Ron_Naken · ‎02-13-2011

I don't believe that using SEDCMD or another transform will allow you to detect the fields from the header, since the header is on the 6th line when the detection takes place. If this is the issue, then you could use CHECK_FOR_HEADER = true with the following:

If the files will only be updated every hour, rather than continuously, you can use a scripted input or any scheduler (1x/hr) to place a cropped version of the files in another location. The new location will be the "monitored files" location.

MANGLE.SH:

#!/bin/bash
for i in *.csv; do sed "1,5d" $i >"/monitoredpath/$i"; done

This simple script will take all .csv files in a folder and place a corresponding cropped version in /monitoredpath. Use /monitoredpath as your monitored file location.

This isn't ideal, but it will even support the case where a new log file is generated of a type not previously seen. And Splunk shouldn't have any issues detecting the changes in the files, even though they are being overwritten every hour -- since new events still appear in the proper place at the end of each file.

Here is another thought, though I haven't tested this -- it seems ideal (in theory) and is easy to implement, if it would work:

Use a transform to make part of the filename be the sourcetype. Do a one-time index of a location containing just enough data for header detection for each sourcetype -- use a script to generate the header files. Then when the real files are indexed, field detection is already configured based on the sourcetype, so you could use SEDCMD or another transform to crop the top prior to indexing. This method would only support known sourcetypes that we pre-indexed for field recognition.
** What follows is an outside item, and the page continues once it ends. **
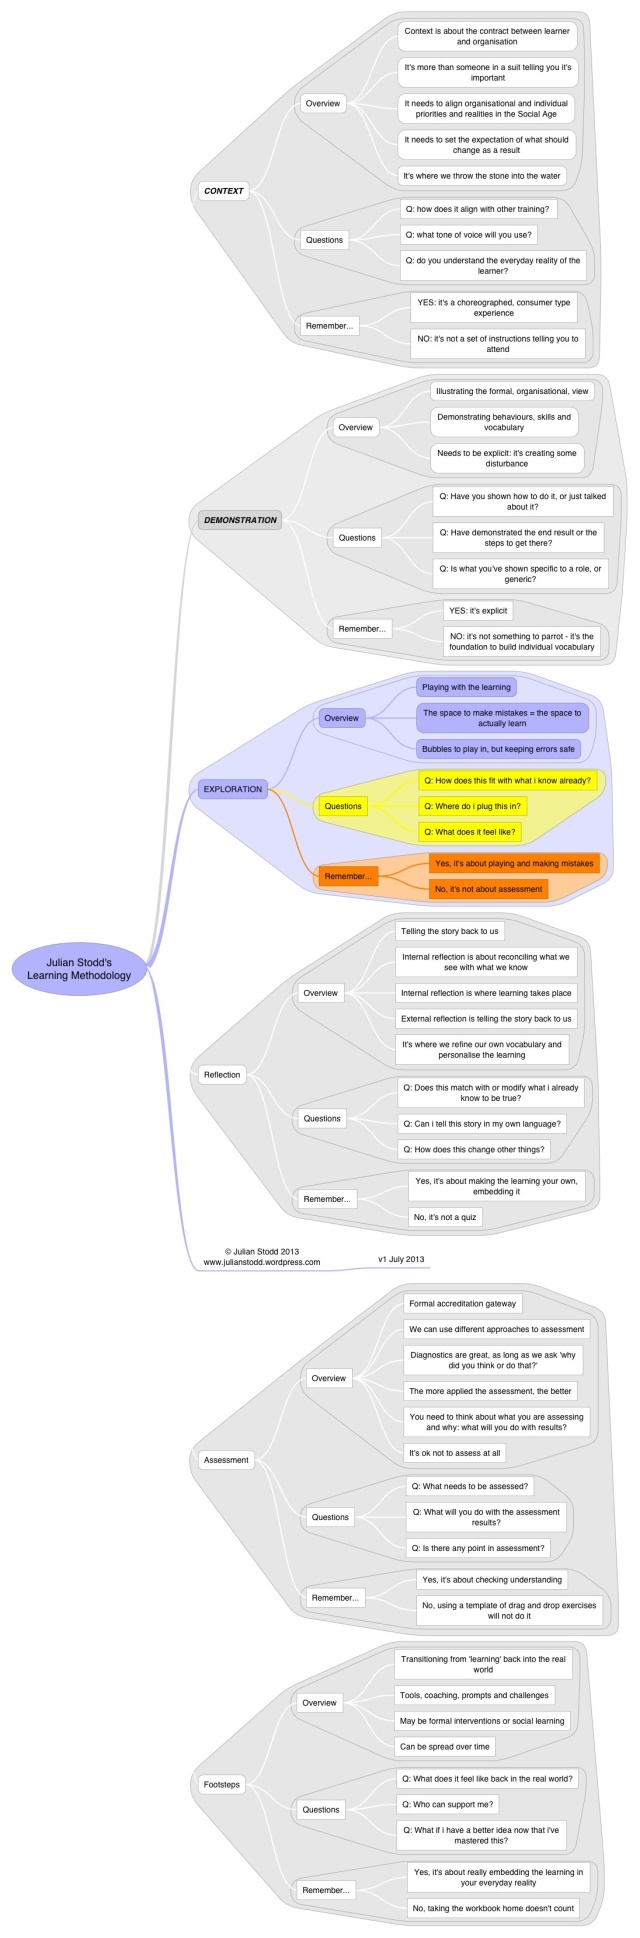 Methodology - exploration
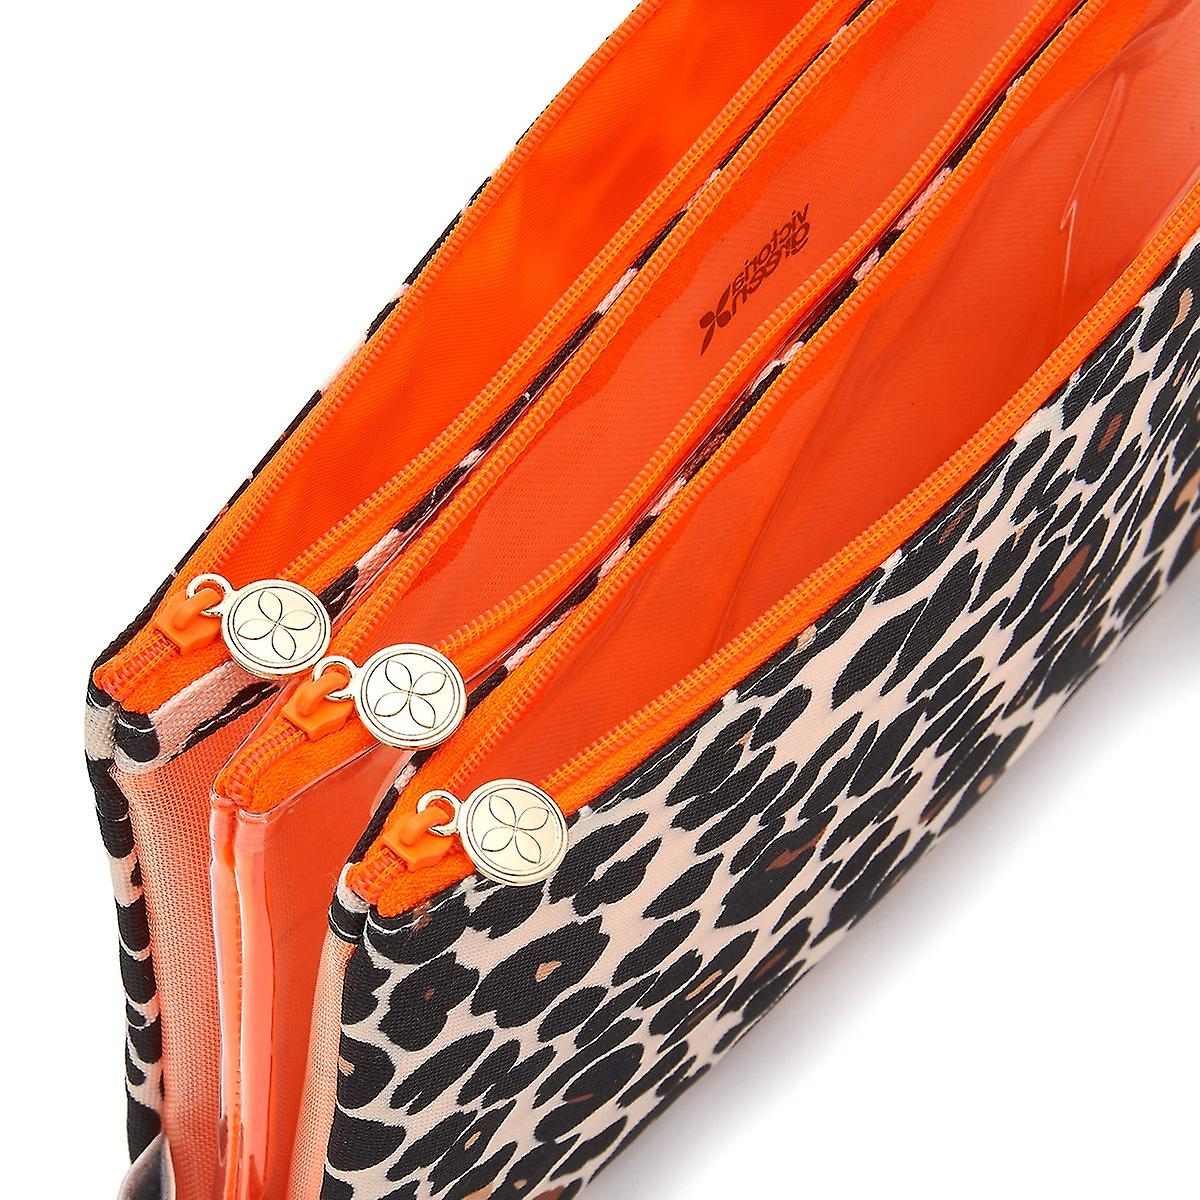 'victoria green' amy 3 in 1 makeup wallet in leopard tan

View solution in original post

securediversity · ‎04-29-2014

Well even when this is an old question I struggled about it today.

In my case I found a better way on doing this because it is easier to maintain and to implement in my eyes (I don't wanted to use SED or executing other scripts which would remove comment lines and so on - and btw each external other command or script needs to be maintained and well executed which means time/overhead).

1) this is my csv file:

earliest,latest
c01 first comment line
c02 second comment line
02/05/2014:15:5:0,02/05/2014:16:45:0

2) my search query:

|inputlookup start=2 myabove.csv  | return earliest latest

The caveat is that the first line have to contain the column headers or field names in splunk and you need to adjust the start=X when you need more comment lines. In my case I have made 20 comment lines and using 5 atm so I have some reserved 😉

Hint:

"start=2" is correct although the third line of the csv contains the time in the above example.
"start" will count only for events therefore the first line which contains the field names/header will not count. That said the c01 line would be the first, the c02 the second. And then you need to know that Splunk will always use the next line specified in "start=X". So if you would have 20 comment lines and 1 header "start" will be "start=20". (http://docs.splunk.com/Documentation/Splunk/6.0.1/SearchReference/Inputlookup)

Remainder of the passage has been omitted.